Elementary analysis structure (molecular formula C13H8Br2N2):Theoretical value C, 44.35;H,2.29;Br,45.40;N,7.96;Survey
Examination value:C,44.34;H,2.27;Br,45.42;N,7.97.ESI-MS(m/z)(M+):Theoretical value 349.91, measured value is
350.26。
(2) in 250mL there-necked flasks, nitrogen is passed through, 0.04mol intermediate Xs 1,100mlTHF, 0.05mol benzene boron is added
Then acid, 0.0004mol tetrakis triphenylphosphine palladiums, stirring adds 0.06mol K2CO3The aqueous solution (2M), is heated to 80 DEG C, returns
Stream reaction 10 hours, sample point plate, reaction is complete.Natural cooling, is extracted with 200ml dichloromethane, layering, and extract is with anhydrous
Sodium sulphate is dried, filtering, filtrate revolving, is crossed silicagel column purifying, is obtained intermediate Y1, HPLC purity 99.8%, yield 88.2%.

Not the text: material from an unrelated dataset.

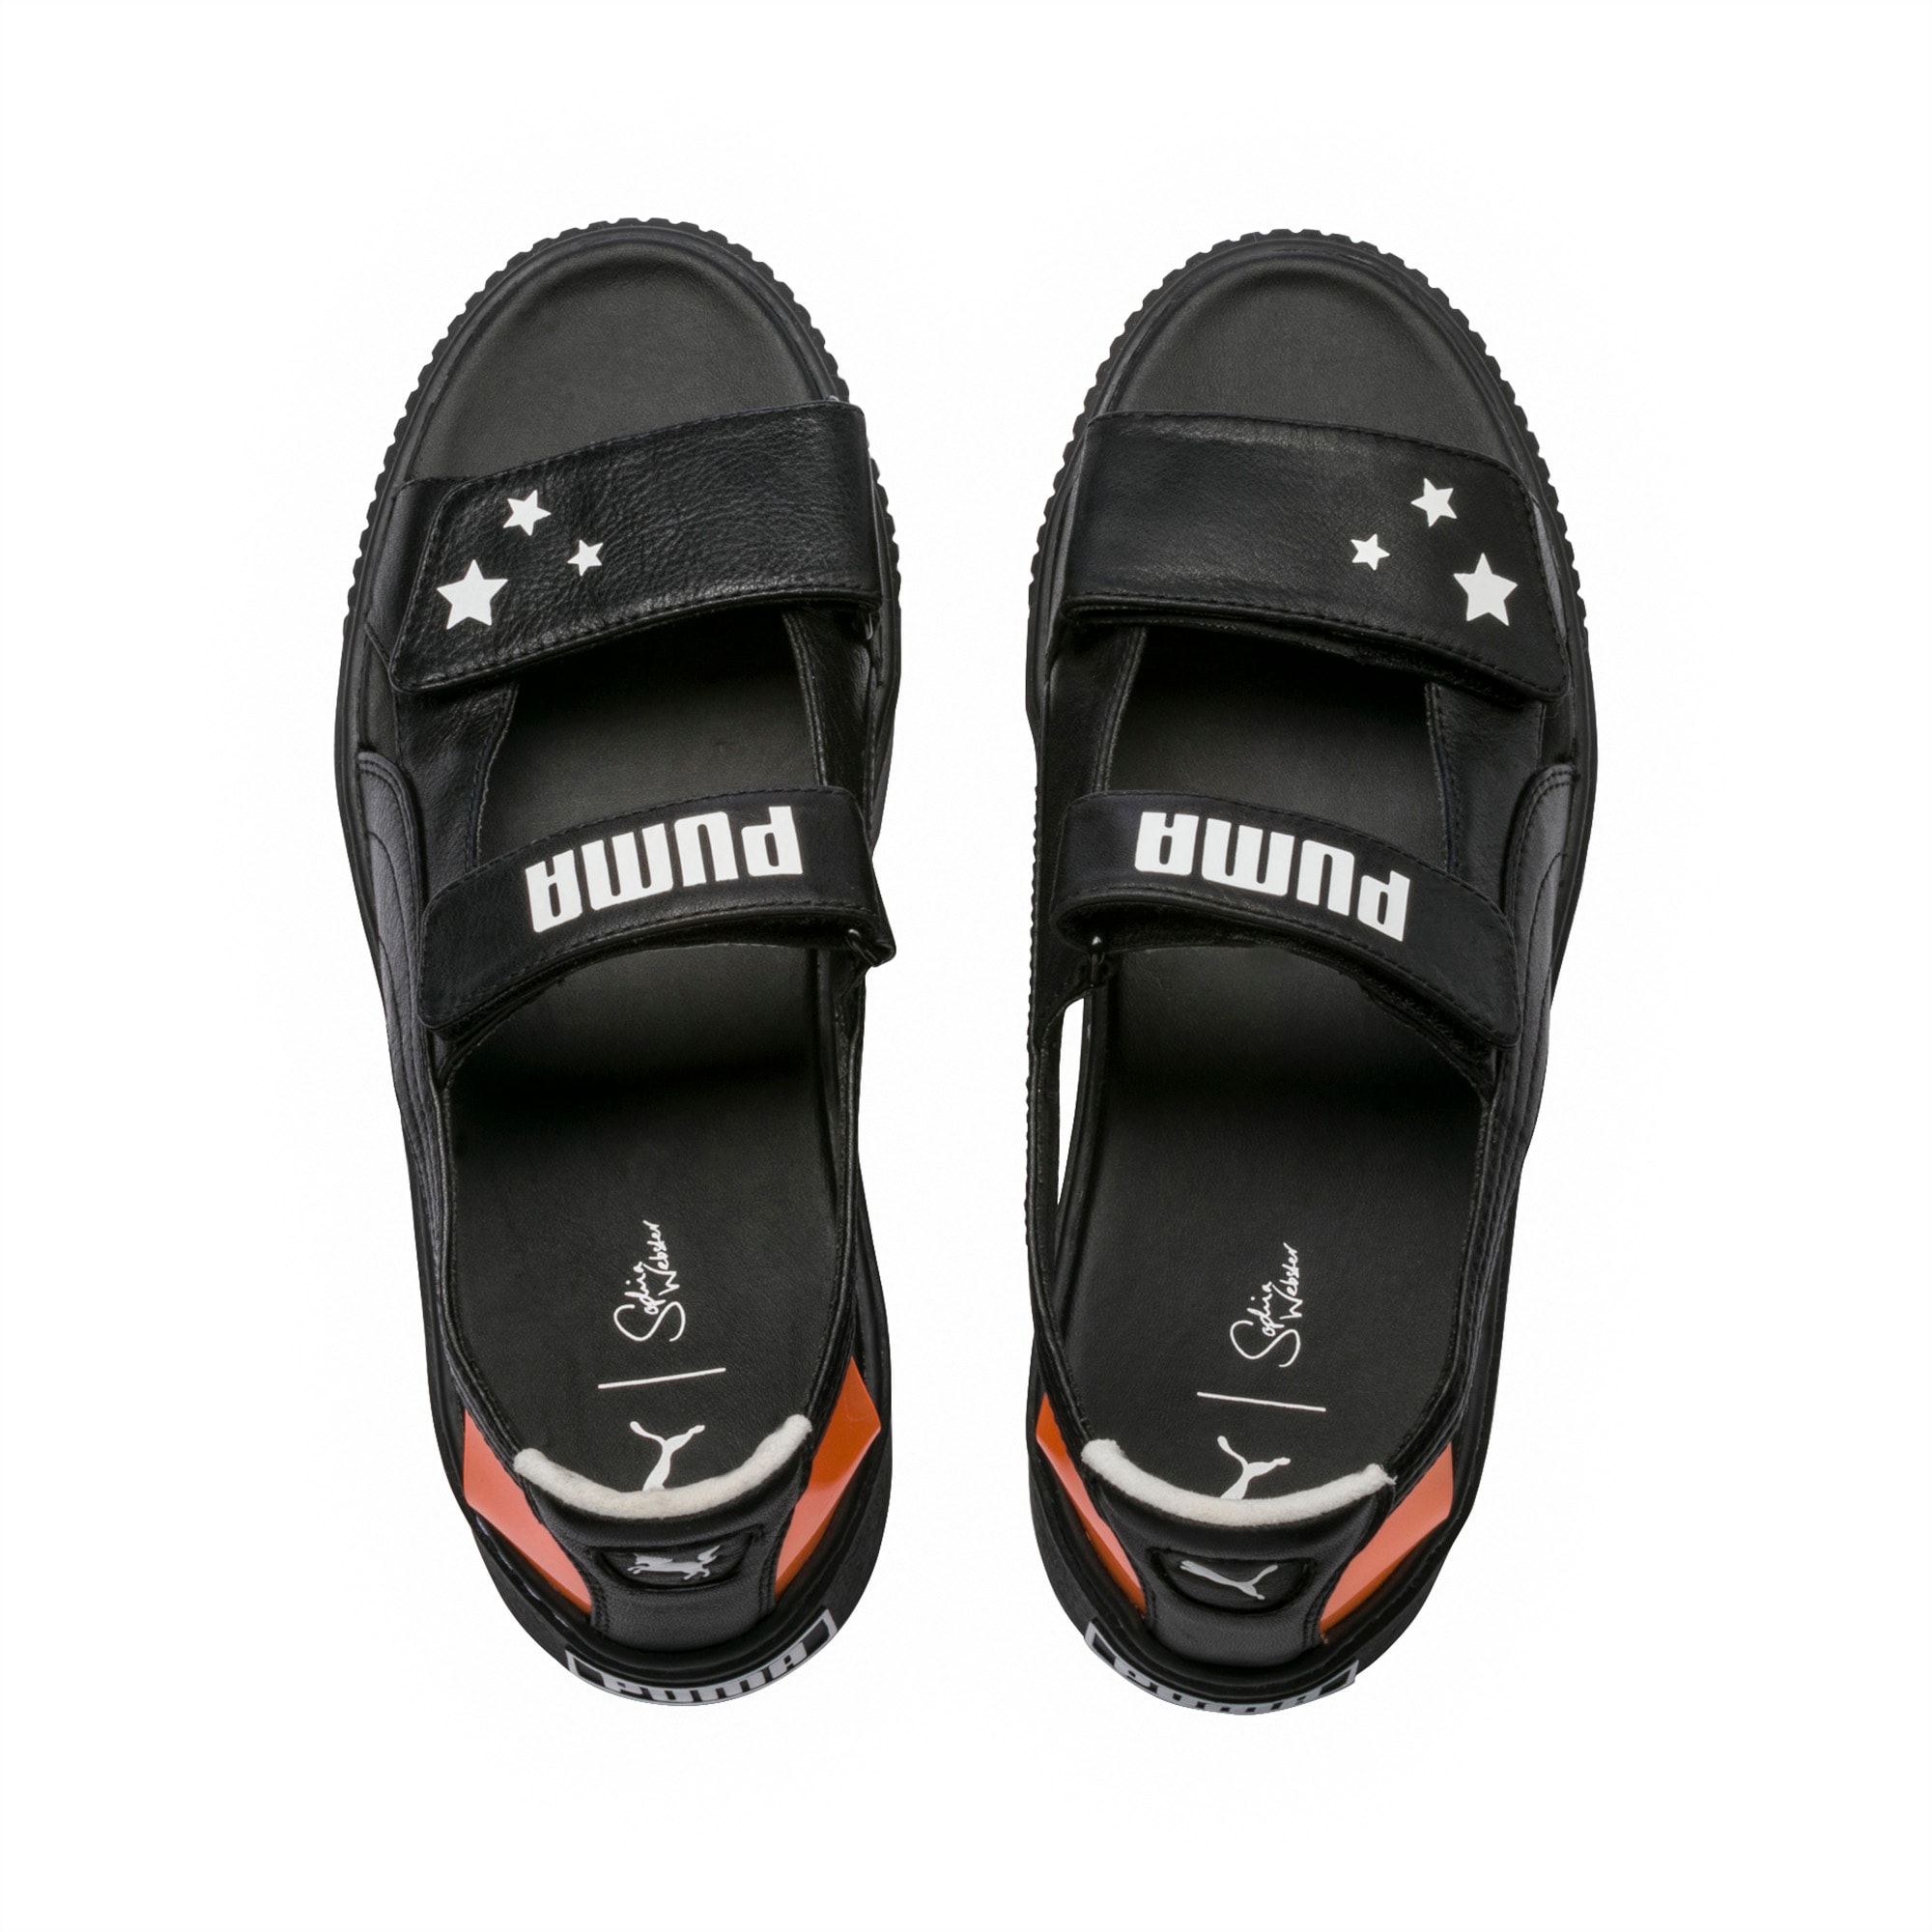 puma sophia webster platform sandals
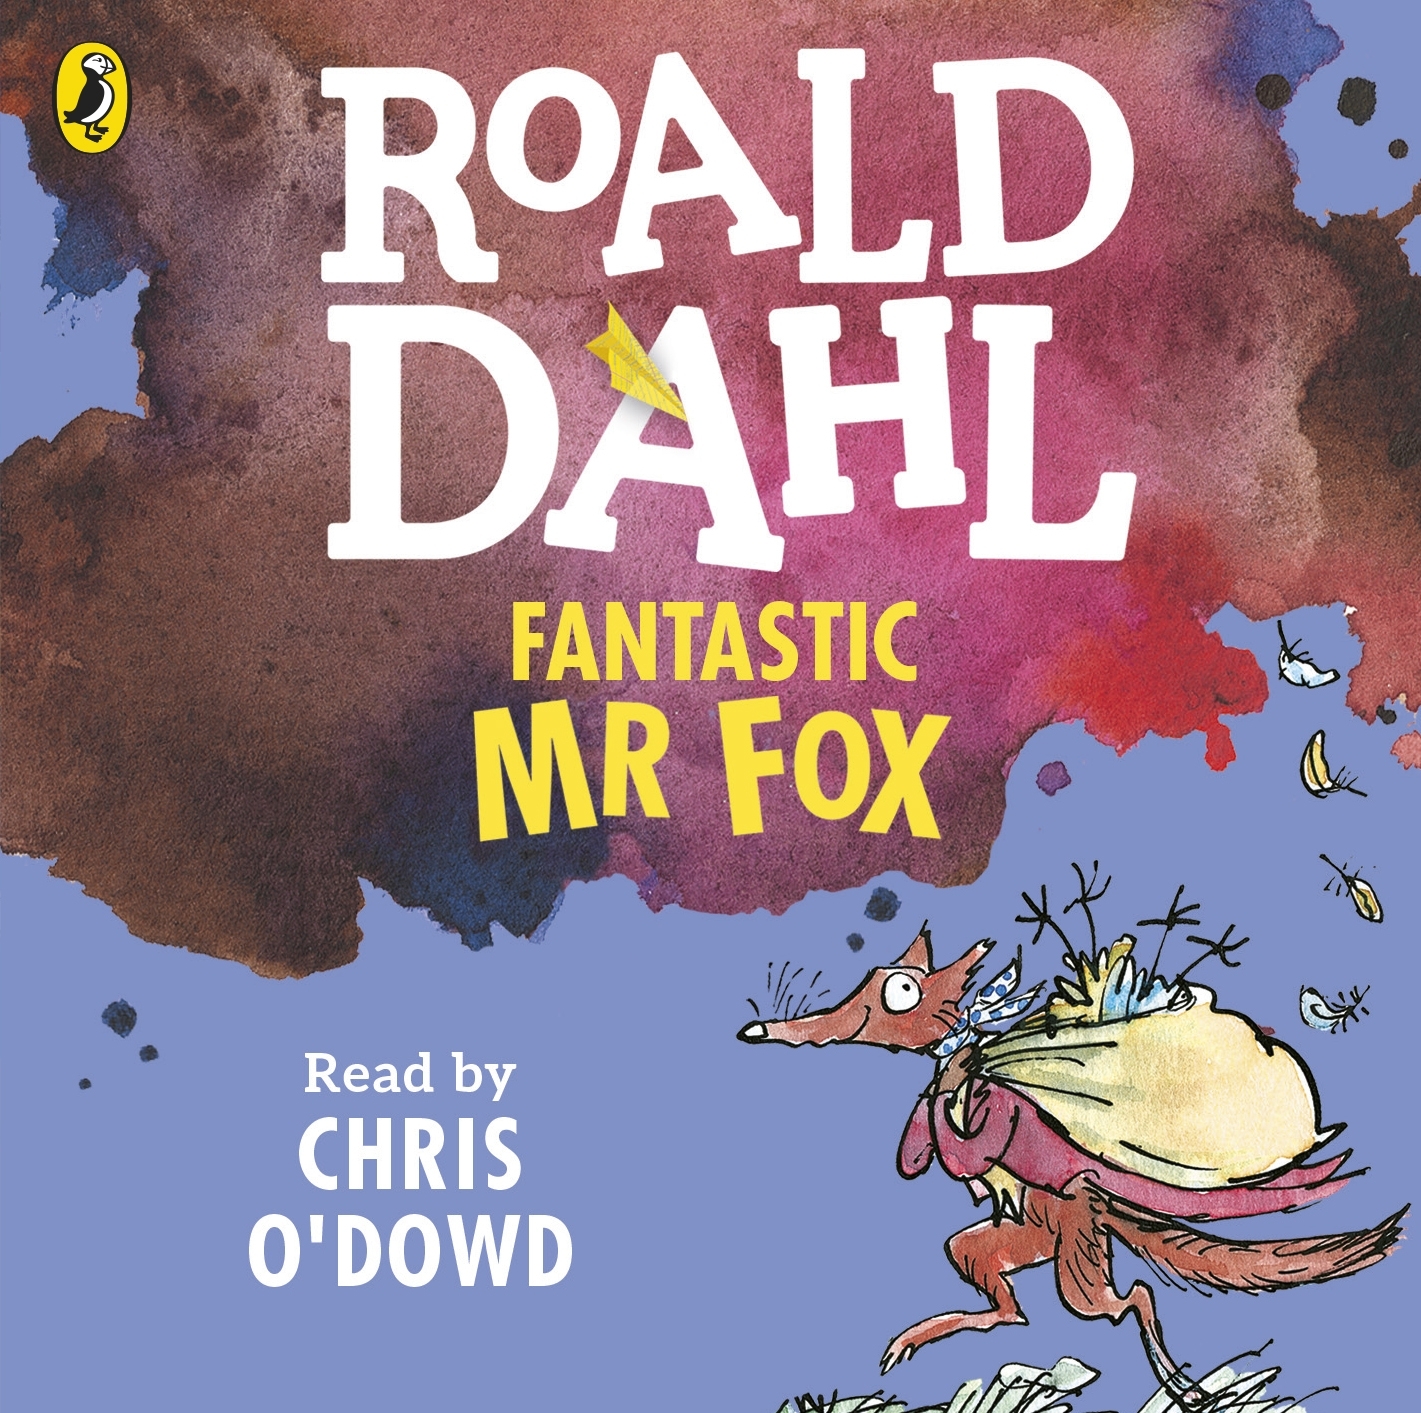 Fantastic Mr Fox By Roald Dahl Penguin Books Australia

Elementary analysis structure (molecular formula C19H13BrN2):Theoretical value C, 65.35;H,3.75;Br,22.88;N,8.02;Survey
Examination value:C,65.36;H,3.77;Br,22.86;N,8.01.ESI-MS(m/z)(M+):Theoretical value 348.03, measured value is
348.41。
(3) in 500mL there-necked flasks, nitrogen is passed through, 0.05 intermediate Y1 is added and is dissolved in 300mlN, N- dimethyl formyls
In amine (DMF), then by double (pinacol foundation) two boron of 0.06mol, 0.0005mol (1,1 '-bis- (diphenylphosphine) ferrocene) two
Chlorine palladium (II) and 0.125mol potassium acetates are added, and mixture are stirred, by the mixed solution of above-mentioned reactant in reaction temperature
It is heated to reflux at 120-150 DEG C 10 hours;After reaction terminates, cool down and add 200ml water and filter mixture and in vacuum
Dried in baking oven.The residue obtained is crossed into silica gel column separating purification, compound intermediate B5 is obtained;HPLC purity
99.2%, yield 81.2%.
Elementary analysis structure (molecular formula C25H25BN2O2):Theoretical value C, 75.77;H,6.36;B,2.73;N,7.07;O,
8.07;Test value:C,75.76;H,6.35;B,2.75;N,7.08;O,8.06.ESI-MS(m/z)(M+):Theoretical value
396.20, measured value is 396.62.
Intermediate compound IV is prepared with the synthetic method of intermediate B 5, concrete structure is as shown in table 2.
Table 2
Embodiment 3:The synthesis of compound 1:
In 250mL there-necked flasks, nitrogen is passed through, 0.01mol intermediate As 1,150mlDMF, 0.03mol intermediates is added
Then B1,0.0002mol palladium, stirring add 0.02mol K3PO4The aqueous solution, is heated to 150 DEG C, back flow reaction 24 is small
When, sample point plate, reaction is complete.Natural cooling, is extracted with 200ml dichloromethane, and layering, extract is dry with anhydrous sodium sulfate
Dry, filtering, filtrate revolving crosses silicagel column purifying, obtains target product, HPLC purity 99.2%, yield 65.4%.
Elementary analysis structure (molecular formula C59H40N8):Theoretical value C, 82.30;H,4.68;N,13.01;Test value:C,
82.30;H,4.67;N,13.03.ESI-MS(m/z)(M+):Theoretical value 860.34, measured value is 860.64.
Embodiment 4:The synthesis of compound 2:
In 250mL there-necked flasks, nitrogen is passed through, 0.01mol intermediate As 2,150mlDMF, 0.03mol intermediates is added
Then B1,0.0002mol palladium, stirring add 0.02mol K3PO4The aqueous solution, is heated to 150 DEG C, back flow reaction 24 is small
When, sample point plate, reaction is complete.Natural cooling, is extracted with 200ml dichloromethane, and layering, extract is dry with anhydrous sodium sulfate
Dry, filtering, filtrate revolving crosses silicagel column purifying, obtains target product, HPLC purity 99.3%, yield 75.4%.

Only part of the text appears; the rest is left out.